The consequences were no less severe with age. The child psychologist Stanley Hall, in his seminal writings on adolescence, called masturbation "a dangerous malady," but that hardly captures the strength of his feelings. He thought it corrupted the character and ruined the body: an adolescent boy might have his pleasure but he was risking nothing less than the rest of his life.

What's surprising is that the experts feared masturbation in infancy no less than masturbation in adolescence. And both were attacked without mercy. The attitude toward masturbation mirrored the attitude toward thumb-sucking (ruinous, debauched). But thumb-sucking was at least visible. For parents and experts in mortal fear of masturbation, almost any seemingly innocent activity might be a disguise for self-stimulation. Or it might awaken a desire for it. In the 1910s and 20s, as the writer Christina Hardyment has observed, "sliding down banisters, persistent tree-climbing, and dangling astride daddy's legs were discouraged. Back-buttoned pajamas were recommended." If nothing ever touched the pelvic region, the child might simply never notice anything was there. The goal, apparently, was to have a child retire on his or her wedding night, disrobe -- and find that his body had somehow sprouted genitals.

5571463441_643ca2620e_binset.jpgdougbelshaw/Flickr

But success required ceaseless vigilance. Tree-climbing might be acceptable, but persistent tree-climbing was cause for concern. "The habit of masturbation may start accidentally from the sensations that a child gets when riding on someone's foot or on a cane or when drawers are tight enough to rub," according to the 1931 edition of The Child from One to Six, another Children's Bureau publication. "Such things should be avoided."

The list of things to be avoided was long. A German pediatrician's turn-of-the-century opus on the subject discouraged long walks and long periods of sitting. It wasn't clear what was left for a child to do. (Aside from setting an egg timer.) For seemingly incurable cases, "a canvas vest with a metal cup over the genitals" was recommended. Other pediatricians recommended small bells, attached to a child's hands during the night, to warn parents of any untoward hand movements.

You can see how the still-nascent disciplines of child psychology and pediatrics pounce on the problem of masturbation. As the sociologist Steven Ward has noted, by establishing masturbation as a deeply worrying, deeply important problem, psychologists established themselves as an indispensible authority. (The medical historian Jonathan Gillis has made a similar argument about thumb-sucking and pediatricians.) Ultimately, the masturbation madness might not have been very helpful for the parents or the children involved, but it was very useful for the psychologists.

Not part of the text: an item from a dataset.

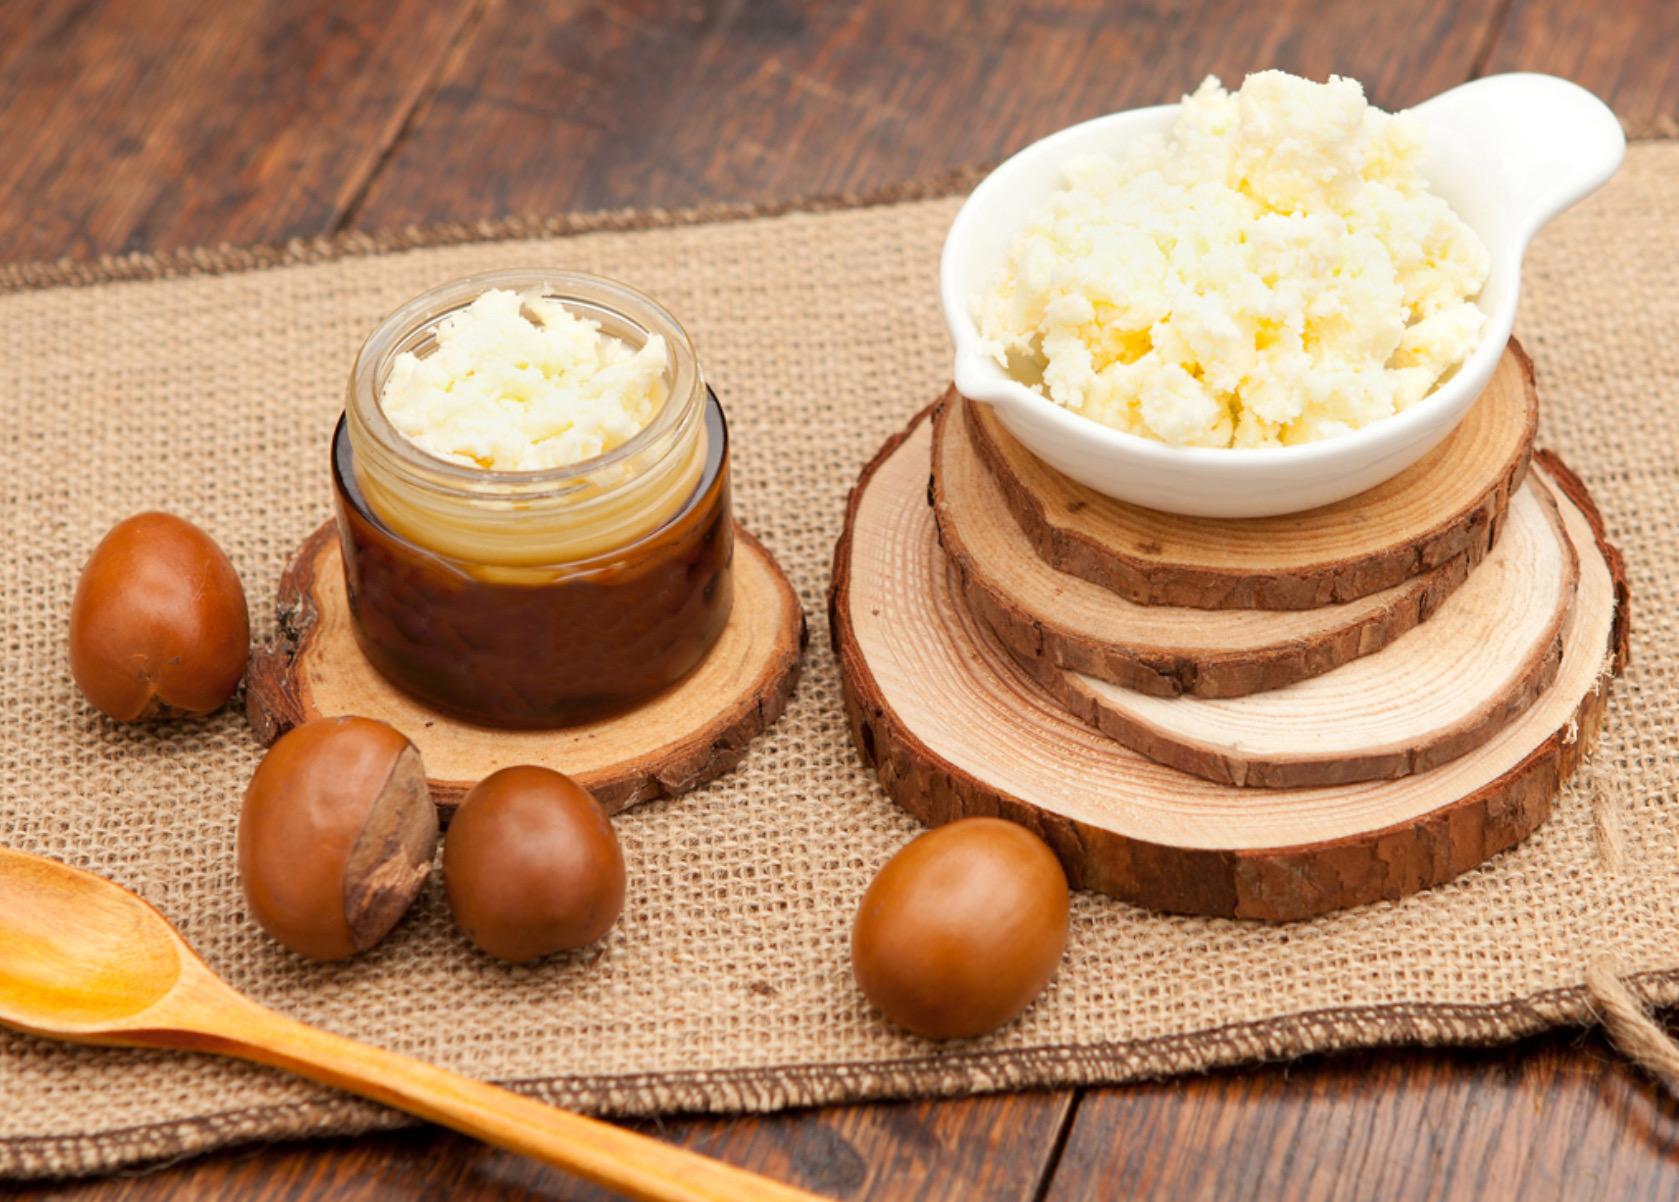 Comment choisir son beurre de karité ?

The 1920s were the height of behaviorism in child psychology: the belief that children can be taught to do, or not to do, pretty much anything. Many psychologists, including the infamous behaviorist John Watson, argued that masturbation and thumb-sucking were habits that could be untaught, and moreover, that they were so malignant they were worth preventing at all costs -- even if the cost was the child not being able to move. Infants had their nightgowns pinned to their cribs. Their elbows were strapped to splints (to prevent wayward arm-bending), or their knees were strapped together (to prevent wayward leg-opening). Their hands were stuffed in mittens or tied down.

In 1914, the manual told mothers that masturbation would wreck their children for life. In 1942, it told mothers that they should ignore the habit altogether.

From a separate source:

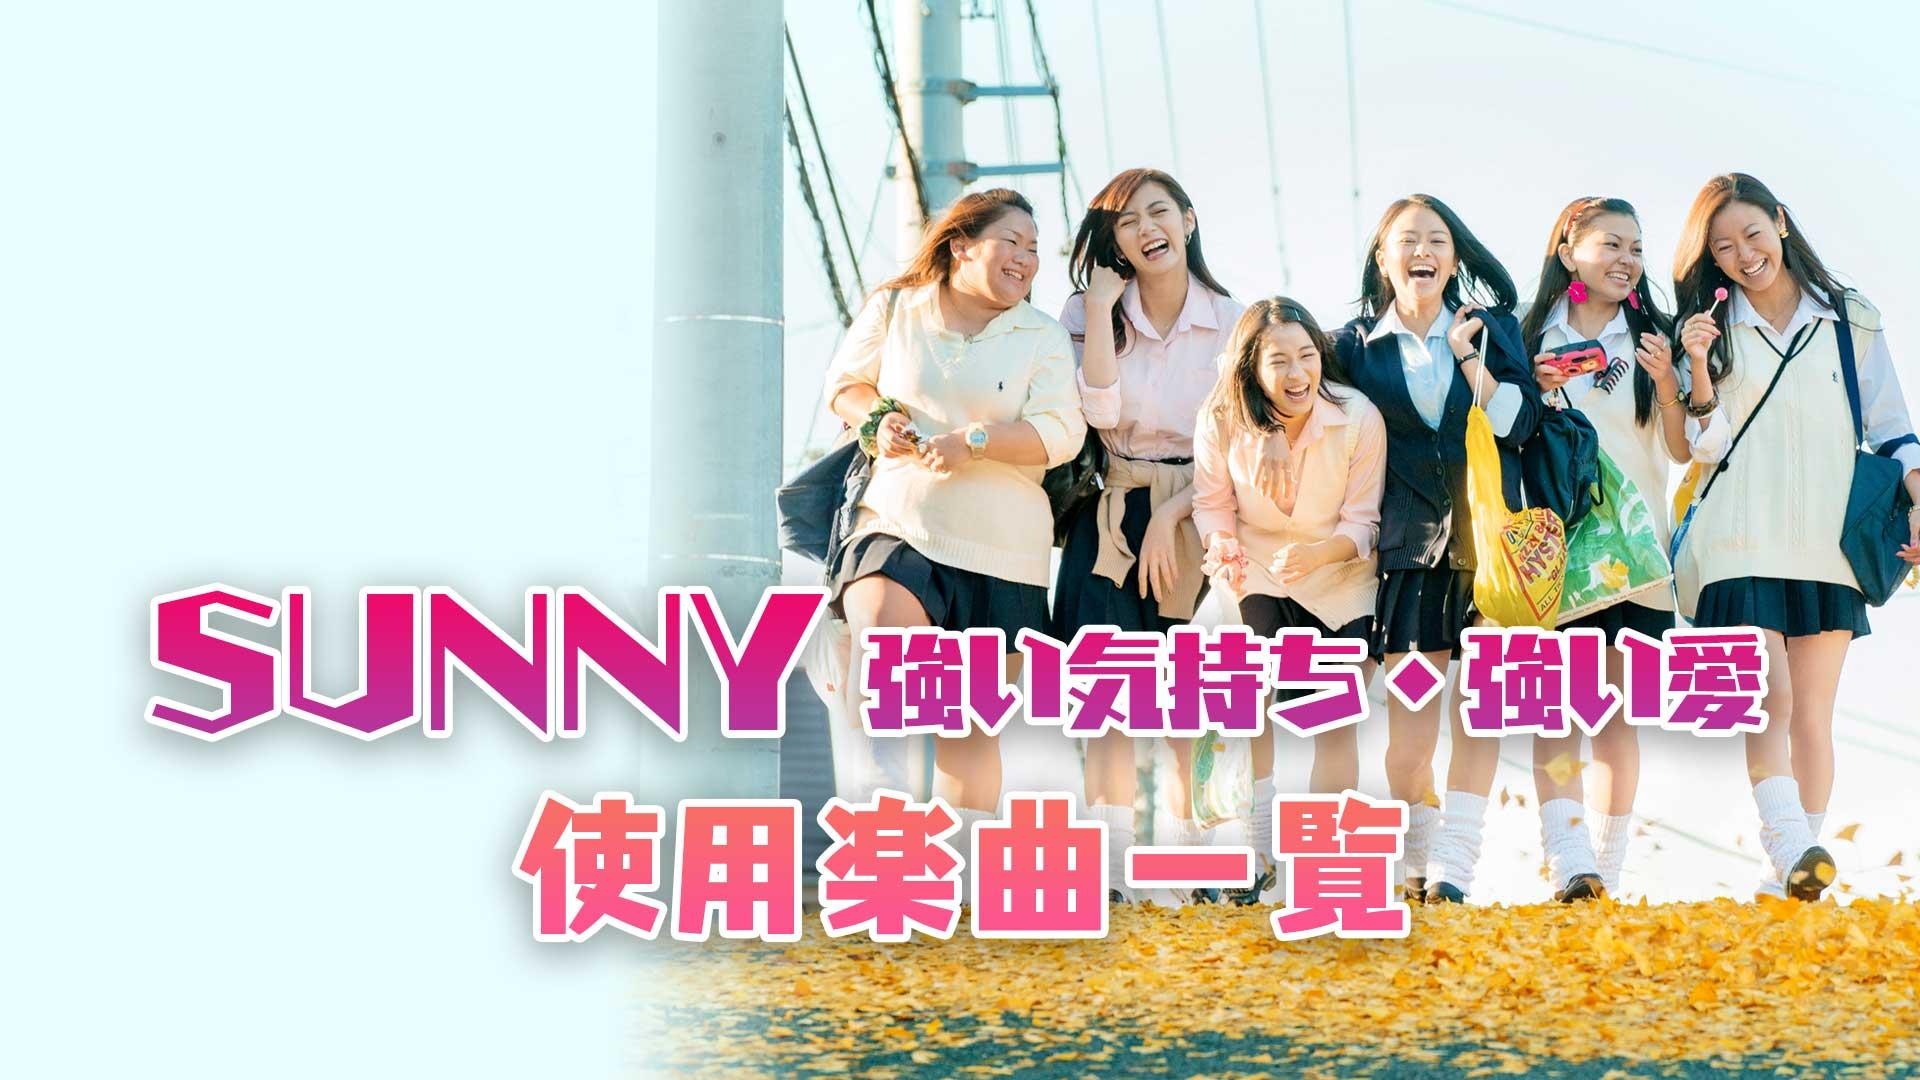 映画『SUNNY 強い気持ち・強い愛』映画の中で使われている曲まとめ!

This treatment was not some weird, deviant aberration from the standard advice. It was the standard advice. "It was doubtless an exaggeration to claim that tied hands were commonplace at the beginning of the twentieth century," the authors of a cultural history of masturbation write, "but the recommendations to this effect and the examples that were cited are numerous. A Scottish woman recalled that, as a child during this period, her hands had sometimes been so tightly tied that her piano teacher questioned her about her striped wrists."